How do I get adult treatment from my mom?
How do I get adult treatment from my mom? My mother has MS & is no longer able to care for herself & her home. I have moved in & am doing all of the housework, caregiving, etc. The trouble is, my mother is now treating me like I'm a teenager again...demanding to be told where & when I'm going out, disapproving if I have an alcoholic beverage, and she thinks my job is to be totally at her beck & call 24/7. Also, since it's "her house" she insists on being in charge of how everything is done & even what day the food shopping is done & what is purchased. I also have a 4 year old girl to take care of. Between the two of them they're driving me crazy! Help!
Hi. It is important for you to have a calm conversation with your mother and explain to her that the two of you have to work on your new relationship and that she has to treat you like an adult. It may help to have another family member of counselor involved if you think she will not be able to hear you or the conversation will become a battle. In other words, it is clear that you are going to be helping your mother for quite some time and you have your own life to live. Often family member revert back top treating each other like they did years ago. When adult children come home to help and live it is important to have open communication and point out old patterns that are not healthy. Don’t let this simmer. Address the issues with your mother sooner than later and get help if the conversation is not productive.
All the best,
One other thing to consider: in many cases, MS as it gets worse brings with it cognitive problems.
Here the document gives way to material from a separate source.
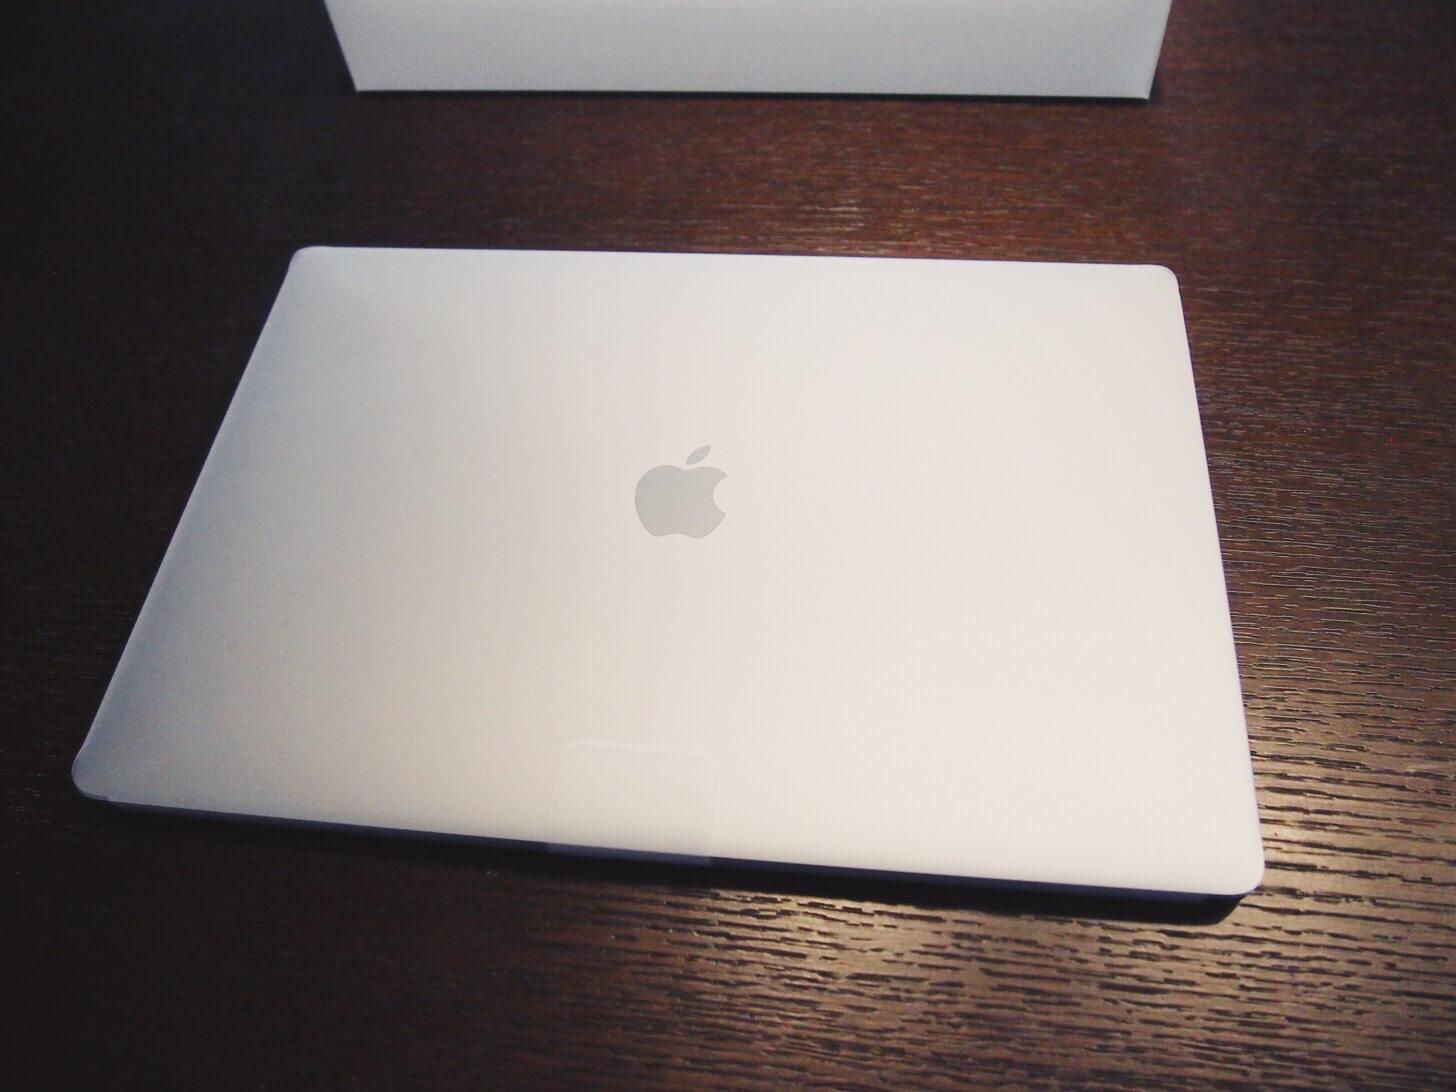 macbookpro2016-15inch-11

If there has been a noticeable change in your mother's moods or memory, or an increase in anxiety or depression, a neurological examination may point to those underlying problems -- in which case you as the caregiver will have to change your approach and expectations. As a spousal caregiver myself and member of the Well Spouse Association I see this with some spousal caregivers whose partners have MS, and who post about their situations in the WSA Online Forum, http://wellspouse.org/forums
When I was in a caregiver group, the most important things I learned is that "I" couldn't change my parents BUT I could change how I respond to them AND to take care of myself! They are ailing, angry, confused, resenting losing control of their life and having to depend on anyone and will tell others that you are not doing a a good job taking care of them. All very "normal" for aging folk. They are angry at themselves too and you are handy to beat up. Family is suppose to understand that they don't mean what they say and just need to vent. No one LIKES being needy. Wait till they spit their food at you, accuse you of stealing their money or tell you to get out! Just do what you need to do and then go to another room and cry or blow off steam. They may have never had to take care of their parents or have bad memories about doing it. Now is the time to make sure all their paper work is in order. THIS IS VITAL.. You need a power of attorney, general and medical and a DNR order, take over the bills and pay them, the Bank should have you down as an Authorized user AND PUT THE HOUSE IN A family TRUST with you as executor. Make sure you have 2 original copies of everything in case of a panic and you can't find one of them. With extra notarized copies for the bank, family or other people that may request them. a close friend of mine found that as soon as he said the "A" word people were willing to help get his father's affairs in order. The Dr should have a noterized copy of the Medical POA & DNR in her file, you should carry them and if she goes by ambulance pin them to her for the people in the ER until the file is brought to them. Check with an attorney for what is required for where you live. You must keep yourself well to be able to take care of them: check into a group and get some outside help if only for 8 hours a week, long enough for you to go to the group, the store, get a pedicure, make calls that you don't want them to hear or just sit and stare out the window. I have walked this walk twice and my affairs are in order. At 73, I hope to be here for another 20 years or so but my son will have none of the worries that I had with my parents. I get my rest, eat well, take only supplements and herbs NO RX of any kind. I make changes in my home with idea that I will not be able to go to the 2nd floor or down in the basement and have to live on the first floor. I am prepared to care for myself for as long as God will let me.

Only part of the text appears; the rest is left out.